If your manna has to drop straight out of heaven looking like a perfect loaf of butter-crust bread, then chances are you are going to go hungry a lot.

When you do not get the miracle you are praying for, you are going to think that God is ignoring you or punishing you or—worse yet—that God is not there. You are going to start comparing yourself to other people and wondering why they seem to have more to eat than you do, and you may start complaining to heaven about that.

Meanwhile, you are going to miss a lot of other things God is doing for you because they are too ordinary…If on the other hand you are willing to look at everything that comes to you as coming to you from God, then there will be no end to the manna in your life…Nothing will be too ordinary or too transitory to remind you of God.

Take something as ordinary and transitory as a yard sale. FPFC has the yard sale of yard sales.
Yesterday, all over the Ouellette’s lawn you could see customers on their cell phones. “You should get down here!” They were saying. “It’s unbelievable!”

While I was there for several hours on Friday and Saturday, what I witnessed among people in our church was nothing short of miraculous.

Perhaps it seemed like we were raising money to benefit our ministries here at the church, but I also know that we were releasing miracles to benefit anyone who crossed our path. What I saw was people doing the work of God by believing in the one whom God sent.

I saw such faith as I witnessed the camaraderie of your working side by side, emptying the barn stocking the tables, laying out the furniture. We were red-faced and back bent; we were sweating yet smiling; we were determined and delighted and depleted. We are exhausted yet we are replete.
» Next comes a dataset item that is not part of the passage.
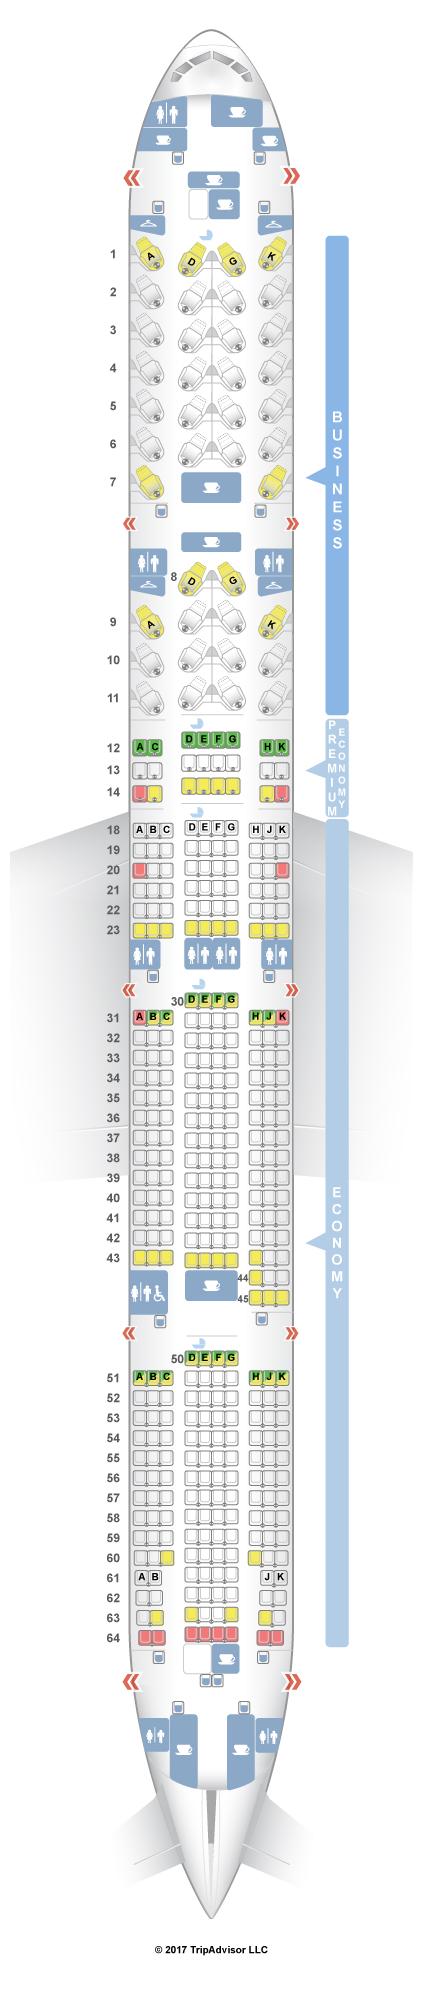 Bulkhead Seat Airplane Delta 767 300 Domestic Comfort Plus

How good this feels!

I could feel how much you love each other, and it doesn’t get much better than that for any pastor who leads a congregation.

I witnessed as you worked at the grill, under the canopies—sorting, folding, lugging, selling, assisting customers with their purchases—making their eyes light up with the price of a bargain, and sharing invitations to join with us at church.

You could ask any of the workers yesterday to testify to the encounters they shared with people and you would understand that miracles happen, even at yard sales.

You see, the Good News today is that God is always sending us something to eat.

Day by day, God is made known to us in the simple things that sustain our lives—some bread, some love, some breath, some wine—all those absolutely essential things that are here today and gone tomorrow. (BBT, p 11.)

On the surface it appeared as if we were “doing it for the church” or “to meet our budget.”

Yet, very truly I tell you, we were able to work so very diligently and devotionally for God because we are growing in our belief in the one whom God sent: Jesus Christ, the Bread of Life—and we want to work for this Bread always.

Because of our hunger for the Lord, it matters a little less what the difficult economy is doing. It matters more that people are being fed by the one who supports, sustains and satisfies spiritual life.

The world hungers for this food—always. Serve the people the same bread we taste today: the Bread of Life, sent by the one who created it all. Amen.

Taylor, Barbara Brown. Bread of Angels, p 10.